RECORD SET -
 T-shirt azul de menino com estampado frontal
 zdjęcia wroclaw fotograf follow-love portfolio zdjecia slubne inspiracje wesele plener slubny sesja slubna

...

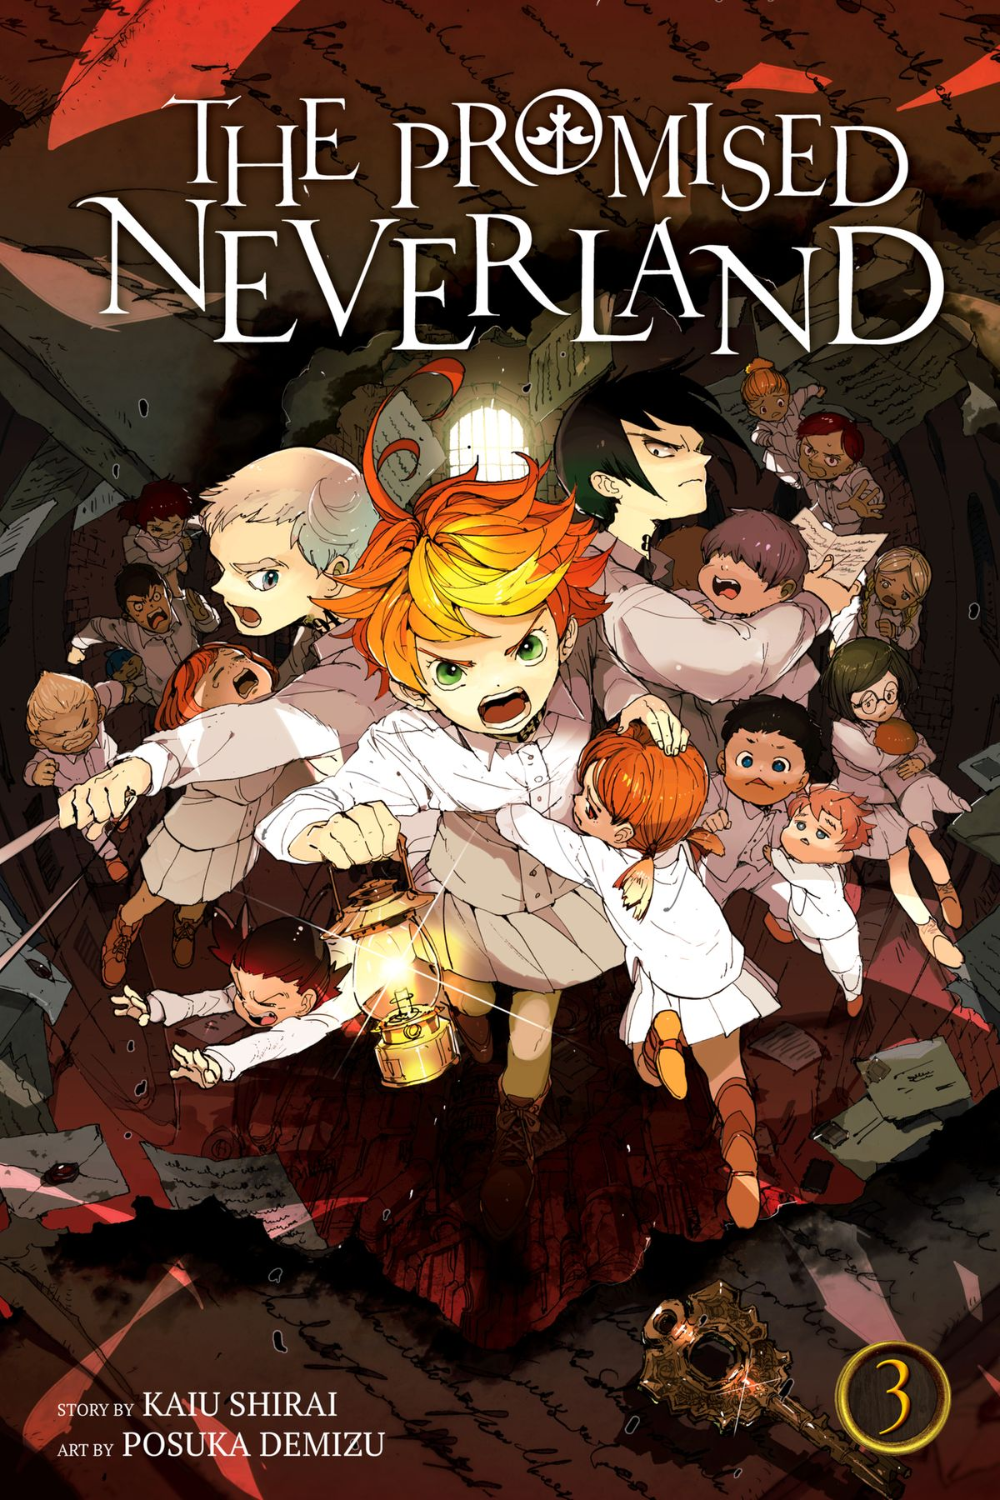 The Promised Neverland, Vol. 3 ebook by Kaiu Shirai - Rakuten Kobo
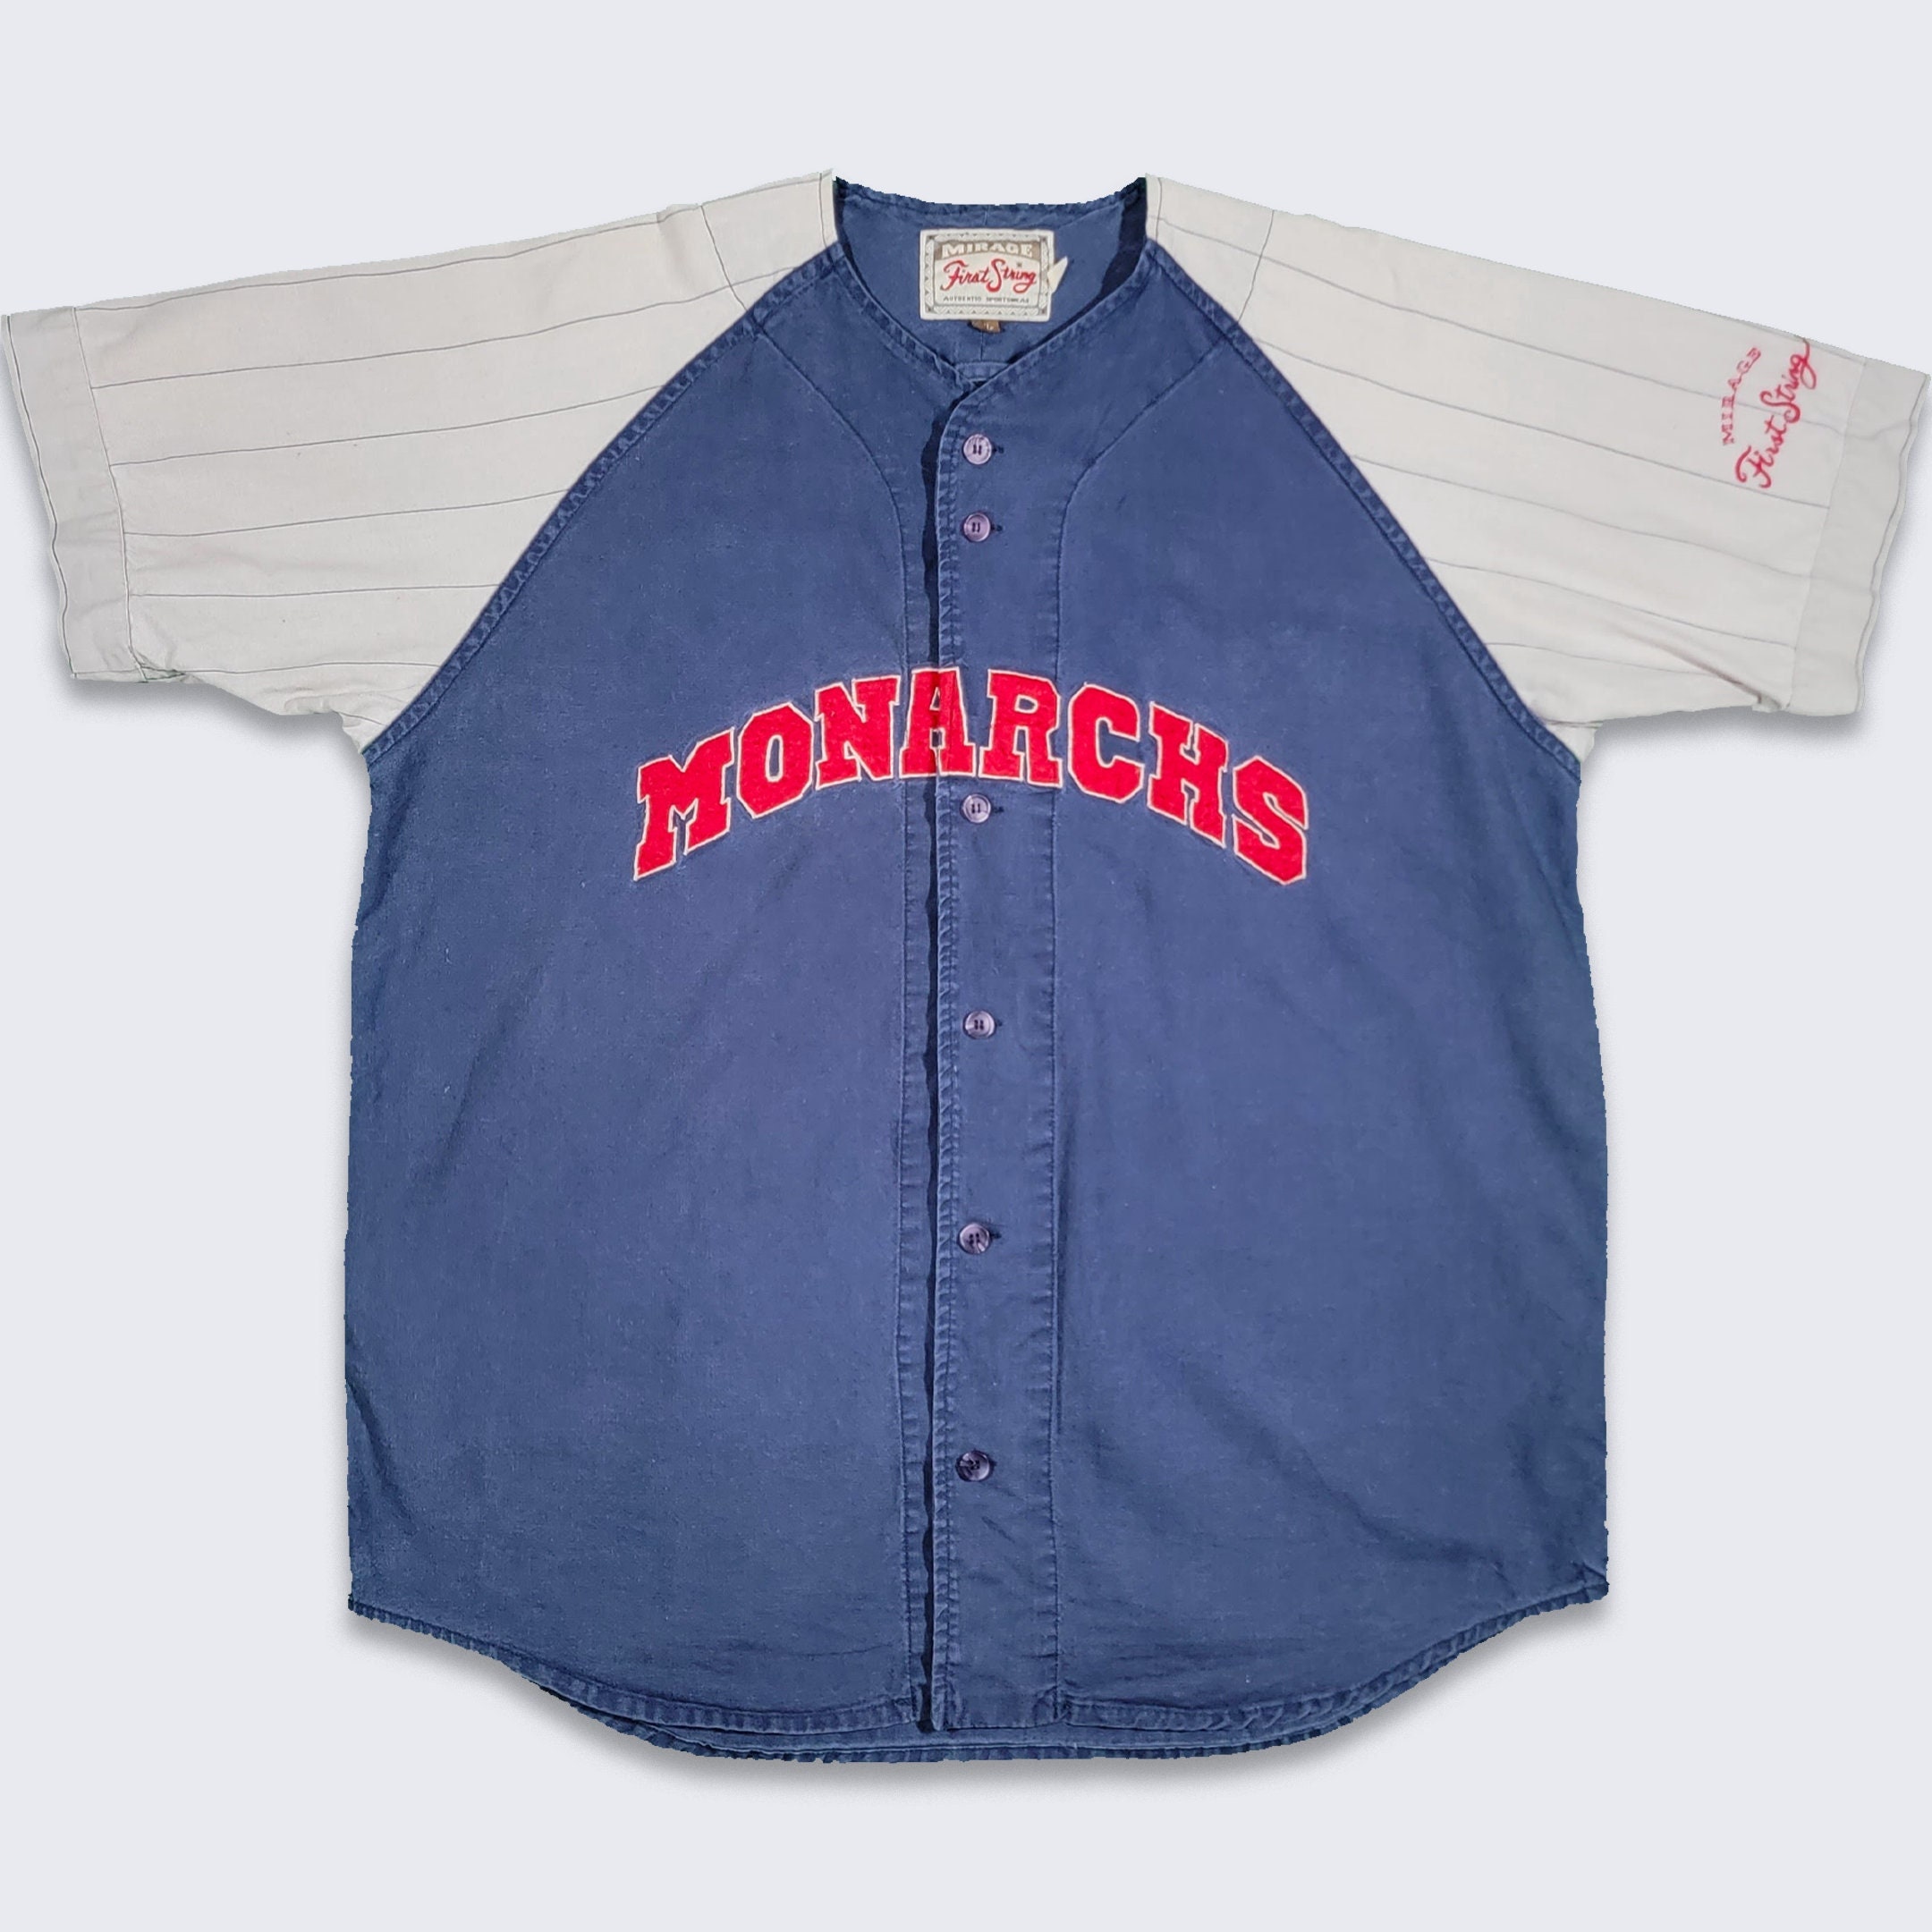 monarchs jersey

--

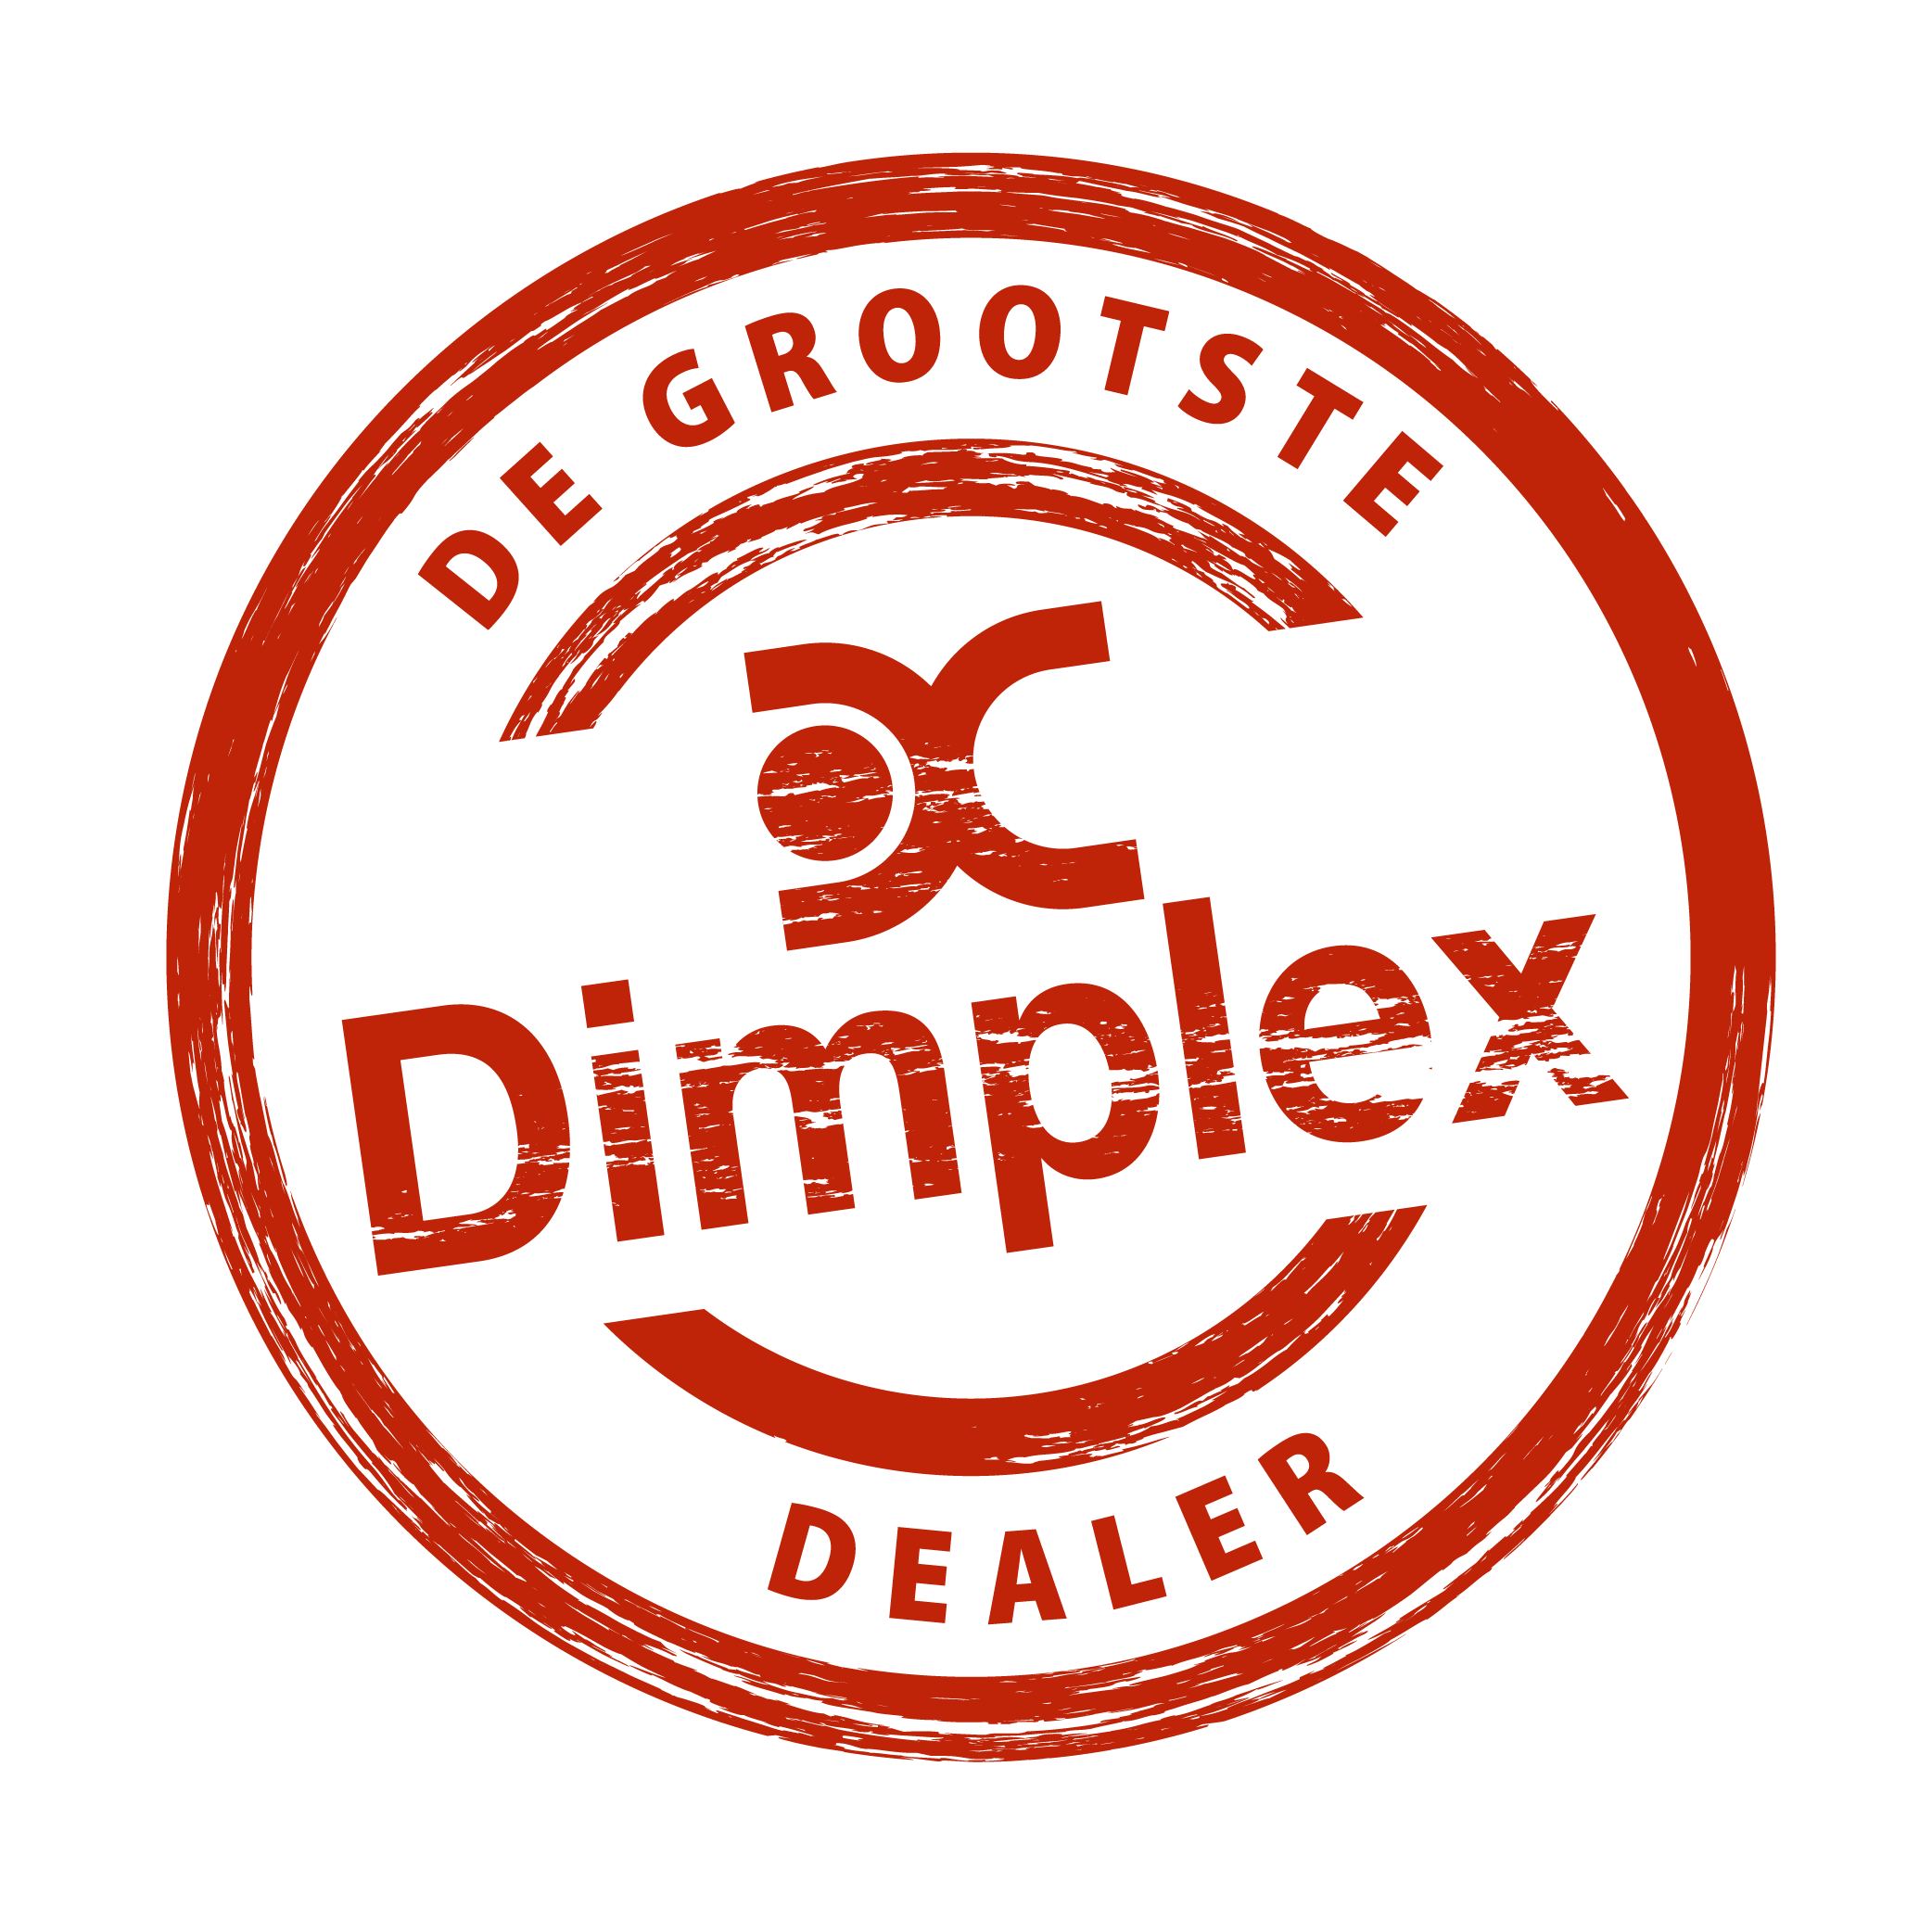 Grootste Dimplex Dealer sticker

WHAT IS EXPECTED - The entries above hold a line with "T-shirt azul de menino com estampado frontal" and a later line with "zdjęcia wroclaw fotograf". Write out exactly those lines and all lines between, nothing more.

TASK SOLUTION -
 T-shirt azul de menino com estampado frontal
 zdjęcia wroclaw fotograf follow-love portfolio zdjecia slubne inspiracje wesele plener slubny sesja slubna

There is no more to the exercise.